You are currently viewing India’s Armour and Artillery Programs Explained

India’s Armour and Artillery Programs Explained

India’s Armour and Artillery Programs Explained

Armour and Artillery Programs

The Indian Army operationally consists of seven commands, with the essential field formation being a division. Below the division level are permanent regiments that are liable for their own recruiting and training. The military is an all-volunteer force and comprises quite 80% of the country’s active defense personnel. It’s one of the largest armies in the world, with 1,237,117 active troops and 960,000 reserve troops. The military has begun an infantry modernization program referred to as Futuristic Infantry Soldier As a System (F-INSAS) and is additionally upgrading and acquiring new assets for its Armour and Artillery Programs.



The Artillery of Indian Army consists of a dynamic inventory that ranges from the missiles, Multi-Barrel Rocket launchers, High Mobility Guns, Mortars Precision Guided Munitions for the destruction of enemy targets to Radars, UAVs, and Electro-optic devices for locating and completing Post Strike Damage Assessment (PSDA). The Regiment of Artillery has played a crucial role in the post-independence conflicts with the neighbors, including the Kargil War. The importance of the artillery in conventional warfare remains intact, especially with the artillery guns playing a serious role within the ‘Integrated battle groups.’ These battle groups are formations comprising artillery, mechanized infantry, and armored and infantry elements alongside the fashionable day force multipliers like UAVs and EW systems.

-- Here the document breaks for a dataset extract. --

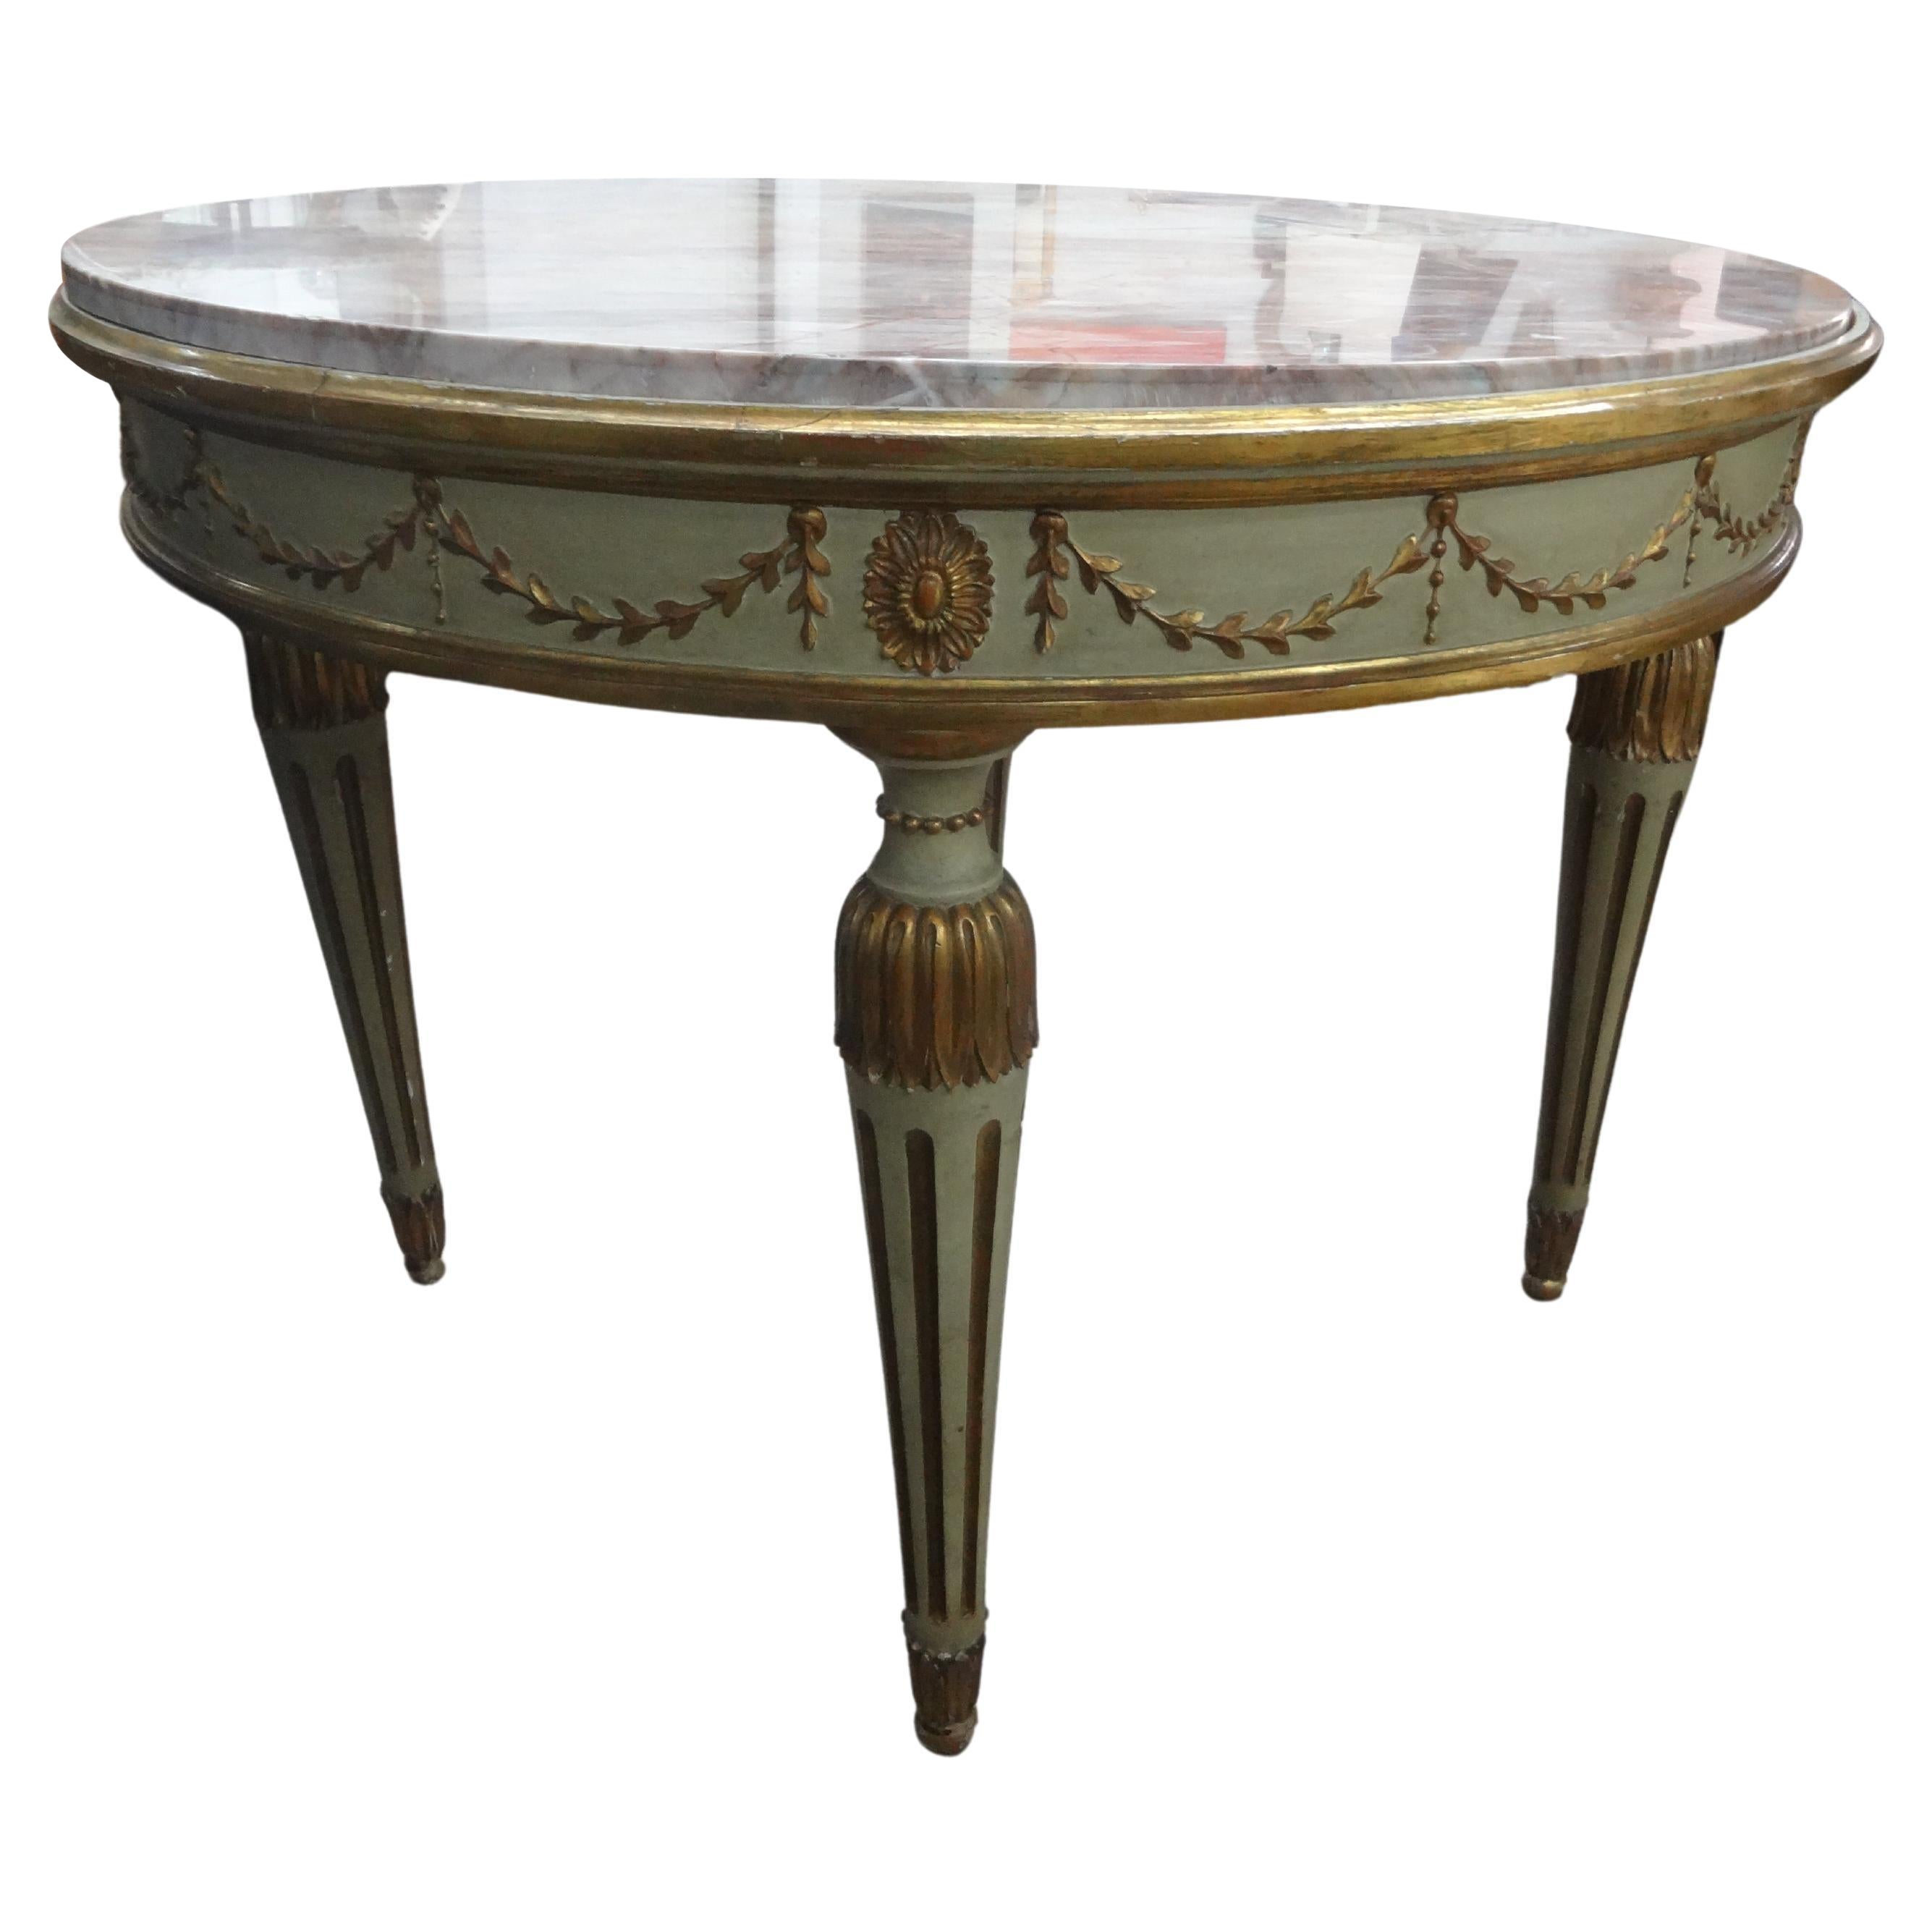 Table centrale de style néoclassique italien peinte et dorée à la feuille

The cannon fire is often used to urge a whip hand over the enemy for suppressive and destructive purposes. Around 30 years after acquiring the Bofors guns in the 1980s, which proved decisive in the Kargil war, two more artillery guns — the K9 Vajra and US origin M777 Ultra Light Howitzers — were inducted into the Indian Army equipment in 2018. While Defence Research and Development Organisation’s (DRDO) Dhanush is within the pipeline for induction, its Advanced Towed Artillery Gun System (ATAGS) is in its trial stages. Along with its role in conventional battlefields, artillery is extensively being deployed and utilized in counter-insurgency (CI) battles. Earlier the artillery was to be avoided in counter-insurgency operations due to the priority of the fatal accident. Still, with the arrival of precision ammunition, its role has attained tons of importance. Artillery formations are deployed in counter-insurgency operations in Jammu and Kashmir also because of the northeastern theatre by the Indian Army.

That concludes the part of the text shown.